- Abbreviation: EB
- Leader: Willem Treub
- Founder: Willem Treub
- Founded: 15 December 1917
- Dissolved: 1921
- Merged into: Liberal State Party
- Ideology: Liberalism Classical liberalism
- Political position: Centre

= Economic League (Netherlands) =

The Economic League (Dutch: Economische Bond, EB) was a liberal political party in the Netherlands from 1917 to 1921.

==Party History==
The EB was founded on 15 December 1917 by Willem Treub, a former Minister of Finance. He was a political independent, although he had been member of the progressive liberal Freethinking Democratic League (VDB) until 1913. He was a very successful minister and popular politician, especially in business and middle class circles. He was known as "Minister Forward". He advocated pragmatic politics implemented by strong independent politicians drawn from business. Treub's personalized campaign was supported by successful businessmen. In the 1918 elections the party won only three seats. After the elections the League joined the newly formed neutral parliamentary party, which united several one and two-person parties, namely the Economic League, the Neutral Party, the Peasants' League, the Middle Class Party and the Alliance to Democratise the Forces. The parliamentary party was led by Treub. In parliament, Treub was unable to retain his popularity, in the 1919 municipal elections, the party lost half its votes and won no seats. In the same year Treub, who realized his party had failed, initiated the formation of a liberal party, which would unite all liberal parties.
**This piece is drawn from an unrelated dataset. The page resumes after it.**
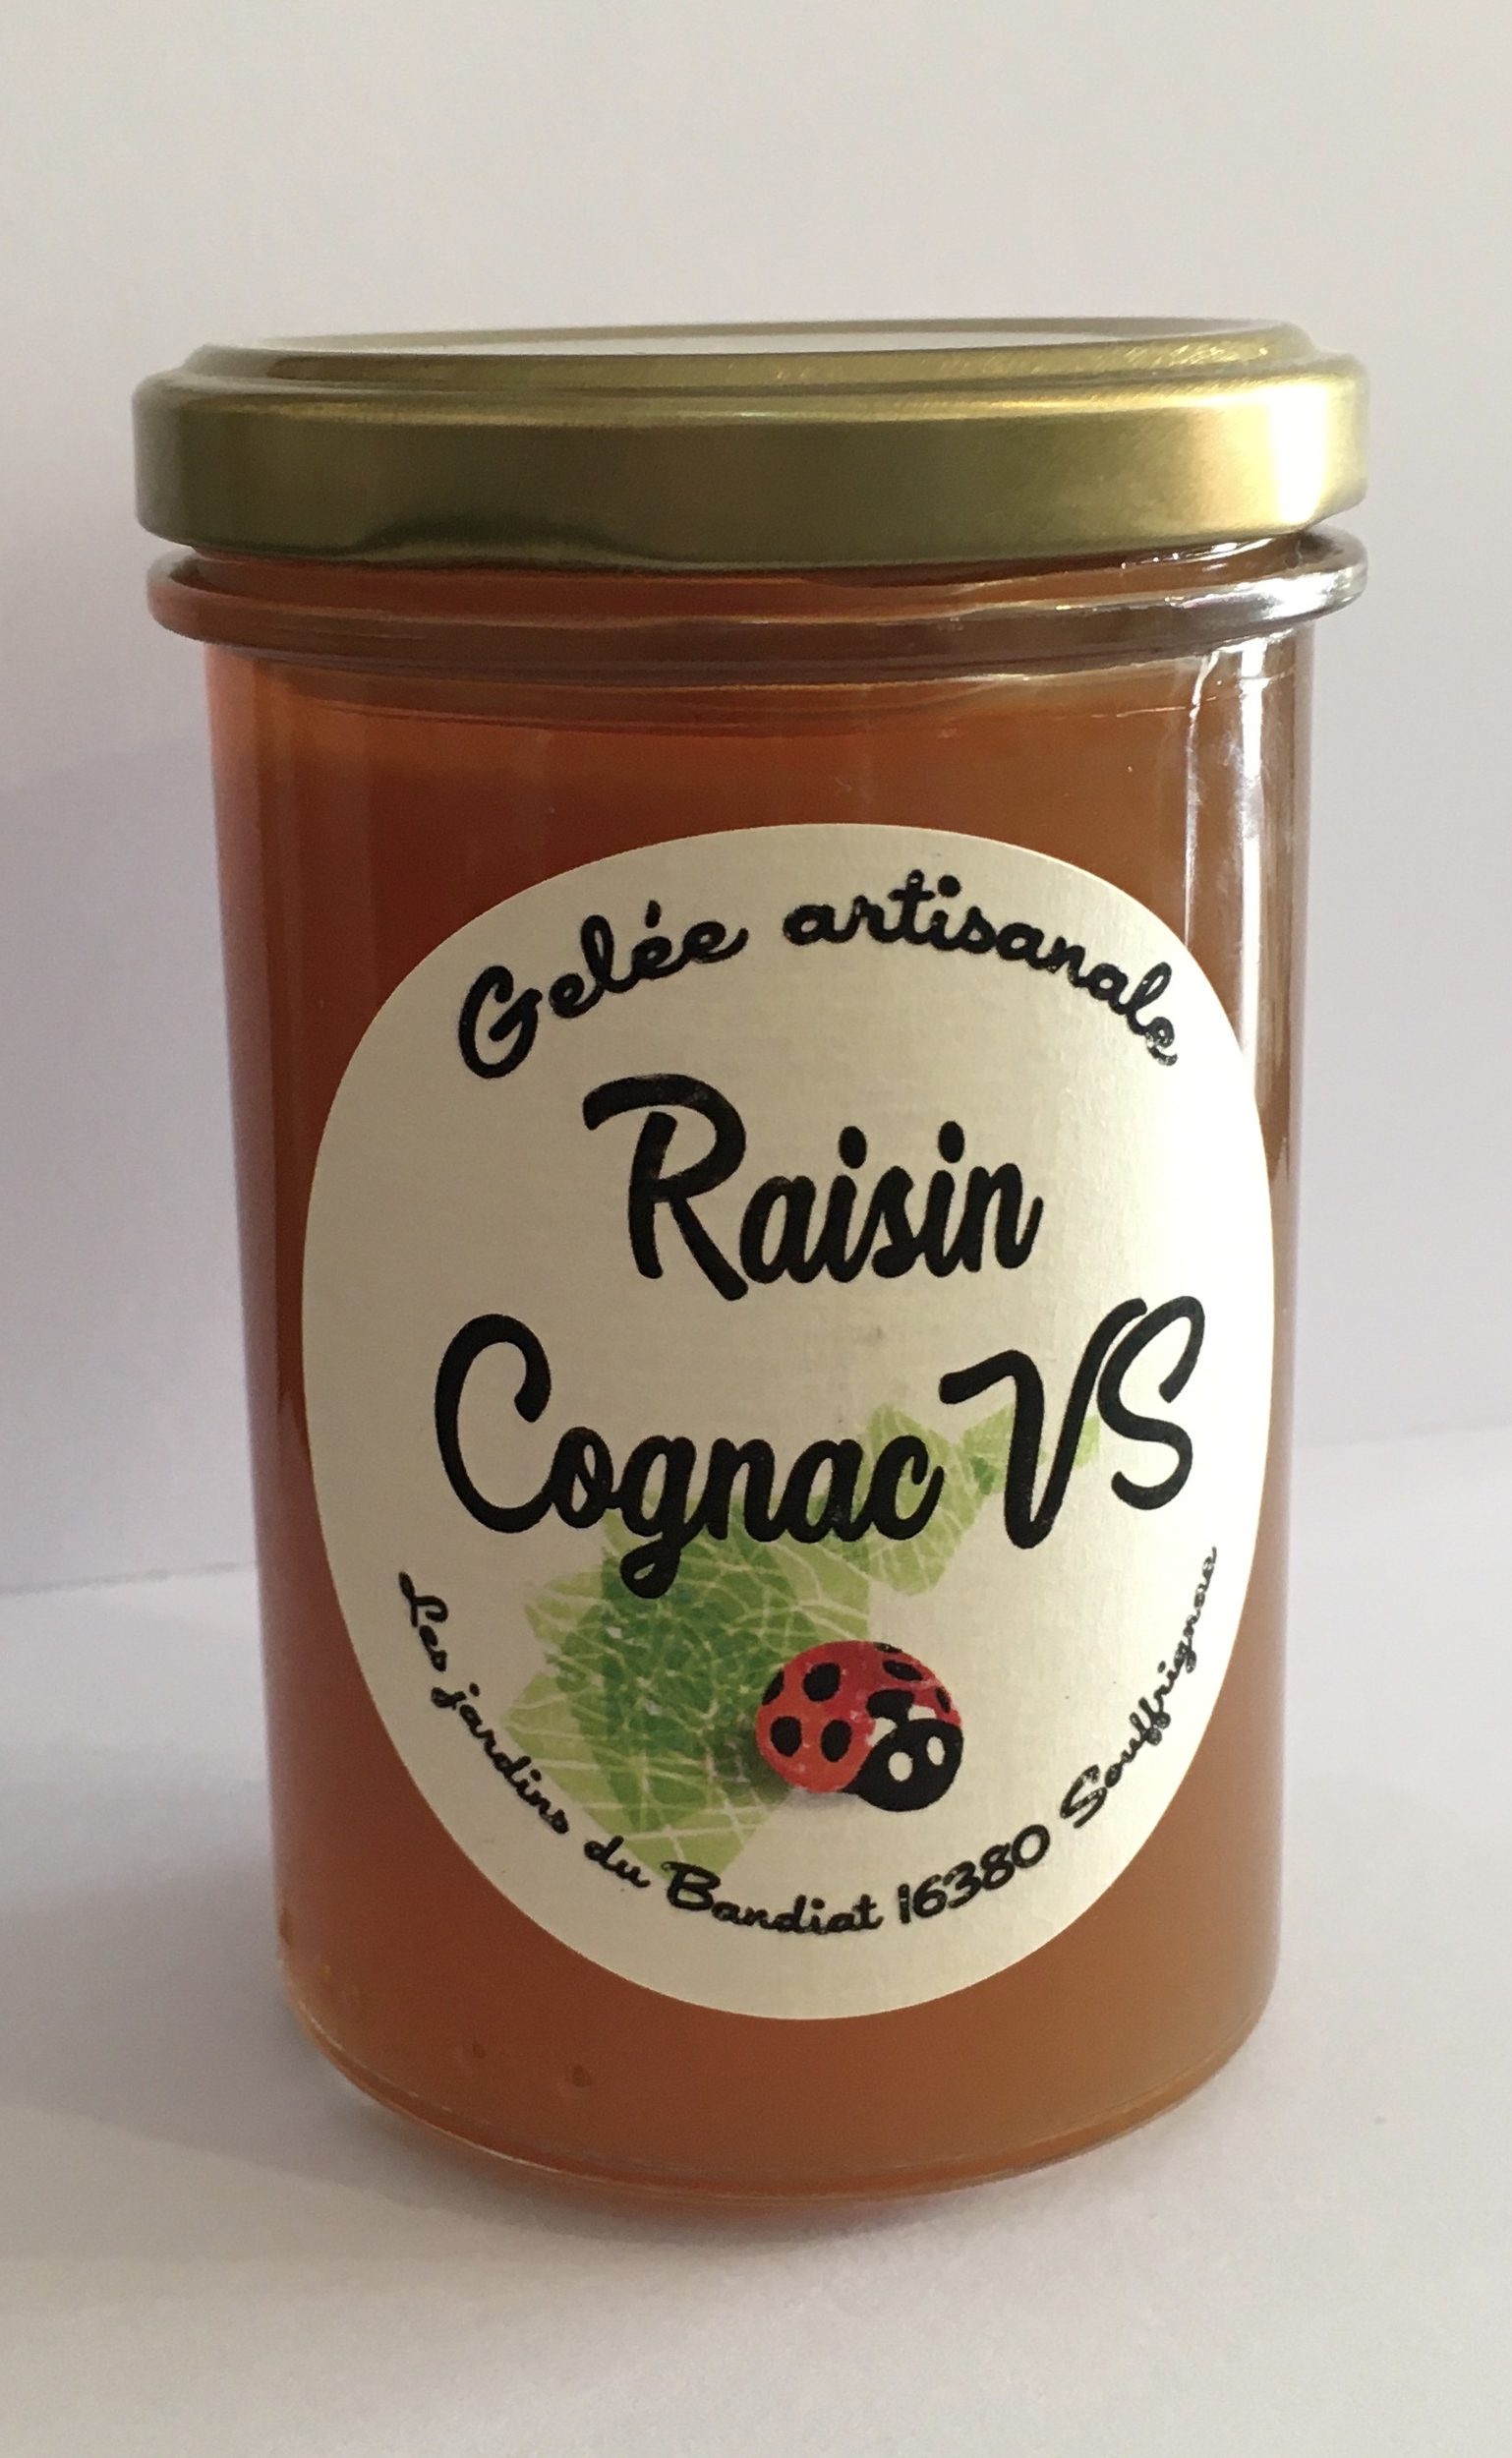 Gelée artisanale Raisin Cognac - Les Jardins du Bandiat 265g

In 1921, the Economic League merged into the Liberal State Party, together with the Liberal Union, League of Free Liberals, Neutral Party and the Middle Class Party. Treub left politics, and the influence of the League on this new party was rather limited.

==Ideology & Issues==
The EB was a pragmatic liberal party which sought to replace ideological, partisan politics with pragmatic solutions for the common man. It had a liberal agenda, advocating a free market, with strong business and a limited, but efficient government. It sought to limit the power of parliament, while strengthening that of the cabinet.

==Leadership & Support==
This table show the EB's results in elections to the House of Representatives and Senate, as well as the party's political leadership: the fractievoorzitter, is the chair of the parliamentary party and the lijsttrekker is the party's top candidate in the general election; these posts are normally taken by the party's leader.
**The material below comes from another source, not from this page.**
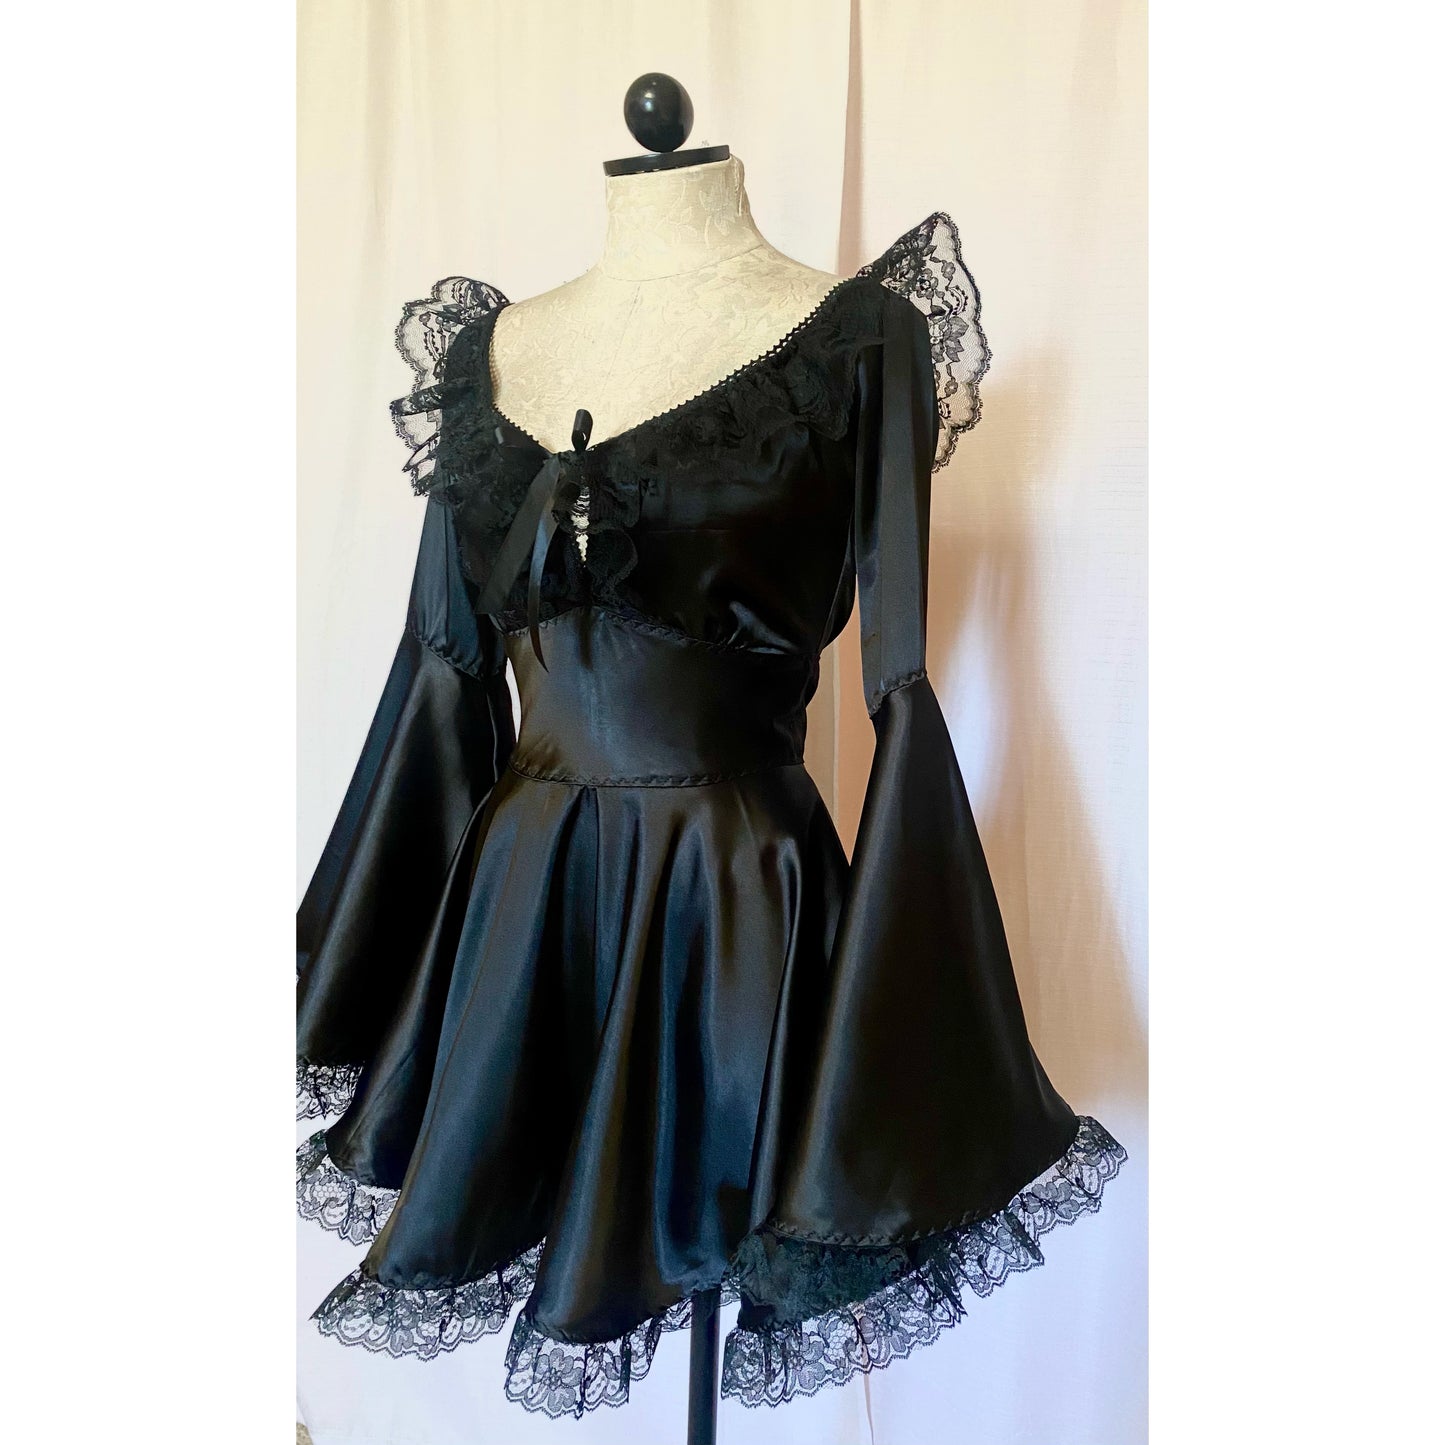 The Deidre Dress in Black

| Year | HoR | S | Lijsttrekker | Fractievoorzitter |
|---|---|---|---|---|
| 1918 | 3 | 0 | Willem Treub | Willem Treub |
| 1919 | 3 | 0 | no elections | Willem Treub |
| 1920 | 3 | 0 | no elections | Willem Treub |

==Electorate==
The party drew most of its support from voters who were not aligned with any of the major pillars. It drew most of its support from middle-class neighbourhoods in The Hague, Arnhem and the Gooi region, the region around Hilversum.